(Stored items from a collection)
Start of Block
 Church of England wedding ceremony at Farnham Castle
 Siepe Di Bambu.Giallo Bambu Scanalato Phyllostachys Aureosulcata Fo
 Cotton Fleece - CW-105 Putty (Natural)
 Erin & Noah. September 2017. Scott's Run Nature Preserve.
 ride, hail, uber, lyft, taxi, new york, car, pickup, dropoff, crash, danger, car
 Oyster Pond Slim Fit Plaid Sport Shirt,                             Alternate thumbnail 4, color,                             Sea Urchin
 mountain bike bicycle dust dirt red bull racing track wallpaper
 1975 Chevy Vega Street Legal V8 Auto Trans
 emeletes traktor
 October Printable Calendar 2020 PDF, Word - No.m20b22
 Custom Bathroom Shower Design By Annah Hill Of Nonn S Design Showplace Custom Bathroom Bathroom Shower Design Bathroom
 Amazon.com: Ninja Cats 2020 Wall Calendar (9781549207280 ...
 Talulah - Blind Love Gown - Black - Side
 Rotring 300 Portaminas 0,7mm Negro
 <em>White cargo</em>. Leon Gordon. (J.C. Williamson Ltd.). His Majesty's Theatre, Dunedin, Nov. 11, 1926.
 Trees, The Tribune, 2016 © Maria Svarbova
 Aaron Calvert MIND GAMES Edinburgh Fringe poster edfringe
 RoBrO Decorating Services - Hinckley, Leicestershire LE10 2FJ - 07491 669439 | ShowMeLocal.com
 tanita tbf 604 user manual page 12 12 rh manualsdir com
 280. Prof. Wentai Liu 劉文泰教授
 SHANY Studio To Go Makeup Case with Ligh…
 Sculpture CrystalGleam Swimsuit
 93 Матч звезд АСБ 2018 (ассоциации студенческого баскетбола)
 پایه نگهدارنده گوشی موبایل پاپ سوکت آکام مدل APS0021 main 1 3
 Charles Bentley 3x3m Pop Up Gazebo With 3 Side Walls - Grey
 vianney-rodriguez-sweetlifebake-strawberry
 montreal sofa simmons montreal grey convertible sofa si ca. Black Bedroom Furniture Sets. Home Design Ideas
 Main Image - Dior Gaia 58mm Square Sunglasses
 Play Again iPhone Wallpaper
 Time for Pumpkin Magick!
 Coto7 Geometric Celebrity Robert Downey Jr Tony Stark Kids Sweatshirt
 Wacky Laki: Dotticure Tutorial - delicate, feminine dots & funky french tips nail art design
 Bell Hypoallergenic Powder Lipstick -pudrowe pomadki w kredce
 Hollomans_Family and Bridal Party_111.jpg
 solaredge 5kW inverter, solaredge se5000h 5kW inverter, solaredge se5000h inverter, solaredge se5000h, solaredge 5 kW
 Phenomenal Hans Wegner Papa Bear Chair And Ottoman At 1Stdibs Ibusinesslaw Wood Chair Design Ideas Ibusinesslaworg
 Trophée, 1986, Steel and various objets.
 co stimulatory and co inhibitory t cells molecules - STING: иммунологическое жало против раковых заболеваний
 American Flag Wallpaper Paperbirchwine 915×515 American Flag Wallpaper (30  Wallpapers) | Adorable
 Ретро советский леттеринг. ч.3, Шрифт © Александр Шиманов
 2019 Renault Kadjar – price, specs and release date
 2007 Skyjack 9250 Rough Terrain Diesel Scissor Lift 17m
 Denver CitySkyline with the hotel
End of Block
## What to produce
A verbatim transcription is needed of the lines above, starting at the line with "Talulah - Blind Love Gown - Black - Side" and ending at the line with "Aaron Calvert MIND", both included, and of nothing else.

## Answer for the task
 Talulah - Blind Love Gown - Black - Side
 Rotring 300 Portaminas 0,7mm Negro
 <em>White cargo</em>. Leon Gordon. (J.C. Williamson Ltd.). His Majesty's Theatre, Dunedin, Nov. 11, 1926.
 Trees, The Tribune, 2016 © Maria Svarbova
 Aaron Calvert MIND GAMES Edinburgh Fringe poster edfringe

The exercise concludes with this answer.